Jan. 19, 1977. The day when temperatures plunged into the 30s on the Suncoast and snowflakes dusted the Tampa Bay area. The storm didn’t last that long, but it was enough to cement the day into our area’s history.
Some native Floridians delighted in seeing their first snowfall. Families built snowmen together. College students ran around nude and skipped class.
But not everyone was pleased to wake up to the falling flurries. Farmers’ crops were destroyed. Icy gusts of wind knocked over power lines and ripped trees out of the ground. The governor at the time, Reubin Askew, called a state of emergency.
Let’s take a trip back in time to that frigid day.
A day for the history books
It wasn’t the first time snow had been seen Tampa, historian Tony Pizzo told the Tampa Tribune in 1977. The first reported snowfall happened in 1835, back when Tampa mostly consisted of the military population at Fort Brooke.
Snow returned in 1895 and was bad enough to close cigar factories, where about 6,000 of the city’s 12,000-15,000 people worked. There were traces of snow in 1886 and 1894, and as well as during the severe freeze of 1962. But it was nothing like the flurries that would come back in 1977. The snow was done falling by mid-morning, according to the archives. But the weather still made headlines.
The Tampa Times described the Tampa Parks Department crew trimming snow-covered palm trees and construction workers walking out during the work day. The Tampa Tribune wrote about Bill Rose, a paper boy who saw the customers on his route recoil in shock as they awakened to the weather outside.
The then-St. Petersburg Times published a story about Marc Zamore, a Tampa man who jokingly placed an ad for a snow removal company in the phonebook. Zamore, the owner of an office supply company, received so many calls from people who wanted “snow removal equipment” that his actual customers struggled to get through to place their orders.
On the front page of The Tampa Times, former northerners reminisced about the icy towns they had left behind when they moved to Florida.
Tampa police officer S.L. Dunlap, who fled New York to escape the snow, quipped, “I guess I’ll have to go to the Equator!”
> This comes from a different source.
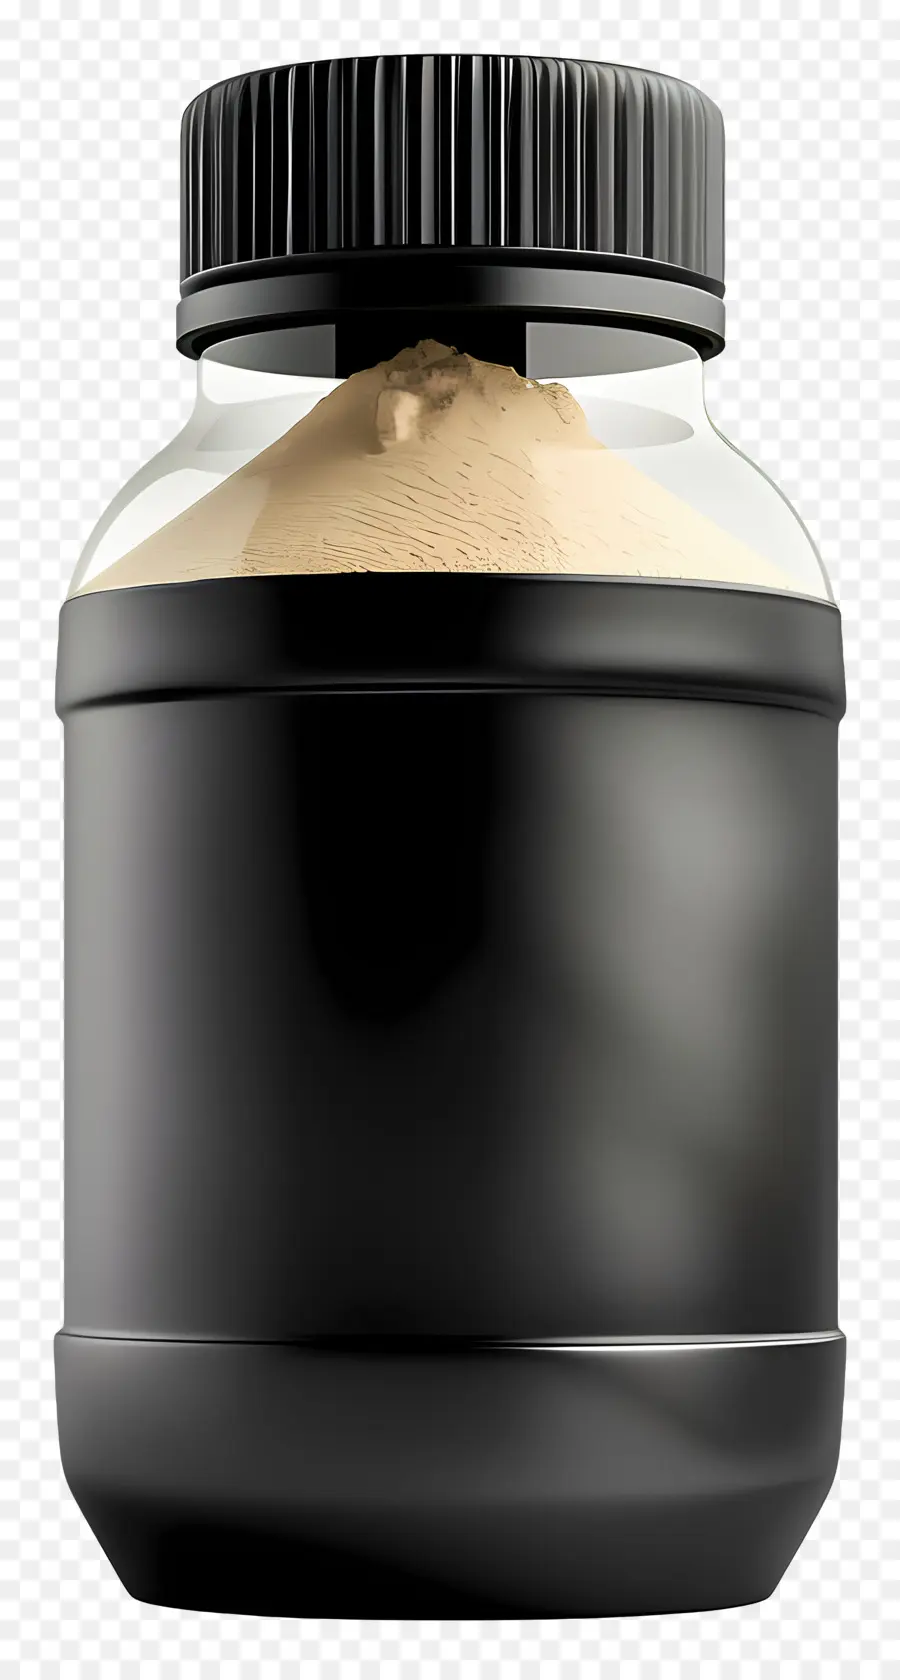 Proteinpulver schwarzes Kunststoff -Glas -Kappenspeicherbehälterverpackung - Schwarzes Plastikglas mit weißer Kappe

“I don’t believe it,” said an unnamed man, who drove 1,700 miles to North Carolina a week before to show his wife and kids snow.
Icy roads caused hazards for unprepared drivers
Snowy conditions caused turmoil for drivers across the state. At least 200 accidents were reported in Tampa Bay, mostly on bridge overpasses. The Tampa Tribune said 79 people were treated across seven Hillsborough hospitals for accident-related injuries. Eight were in critical condition. Two accidents involved school buses taking children to school, although no serious injuries occurred.
By 8:45 a.m., I-275 and I-4 had been closed off. The Howard Frankland Bridge closed, while the Gandy Bridge and Courtney Campbell Causeway remained open. Police advised drivers to stay home.
Only one fatality was reported — Sgt. David John Bibelhauser, a 29-year-old MacDill Air Force Base technical sergeant. Bibelhauser’s car was one of nine in a pileup on the I-75 overpass above Florida Avenue. While trying to help a fellow stranded driver, he slipped on the ice and fell off the 30-foot overpass. He later died of a broken back and fractured skull at Tampa General Hospital.
“It’s fortunate early action was taken to close the urban sections of the interstate system," read an editorial published the day after the storm in The Tampa Times. "Those of us who ventured onto the expressways in the predawn hours, before they were officially closed, can testify that it was a thrill ride unequaled by anything at Disney World. Those of us who got off quickly were lucky.”
Energy woes cause snow days for kids and adults alike
Tampa Electric Co. couldn’t keep up with the demand for power caused by the chilly weather. It cut back service to phosphate plants in Hillsborough and Polk. Dangerous roads hindered the paths of school buses, causing some Hillsborough students to miss their trips to school. Later sessions were cancelled so that kids wouldn’t have to ride on chilly buses after the temperatures dropped.
Florida Power and Light Co. wasn’t able to heat schools in Pinellas County the day after the storm, so those students got the day off. Workers in Florida Power’s corporate offices in St. Petersburg were also sent home.
At USF, about 300 students celebrated the snowfall when newscasters first announced the weather around midnight. A report in the Tampa Tribune describes how some watched for the first sign of flakes outside, then ran through the dorms to tell the others.
Wrapped in blankets, the students ran outside and chanted “We want snow!” Eleven men stripped down and ran around the crowd, while some women performed stripteases in front of their dorm windows for the people outside. The Tribune reported that about 1,000 students missed 8 a.m. classes the next morning.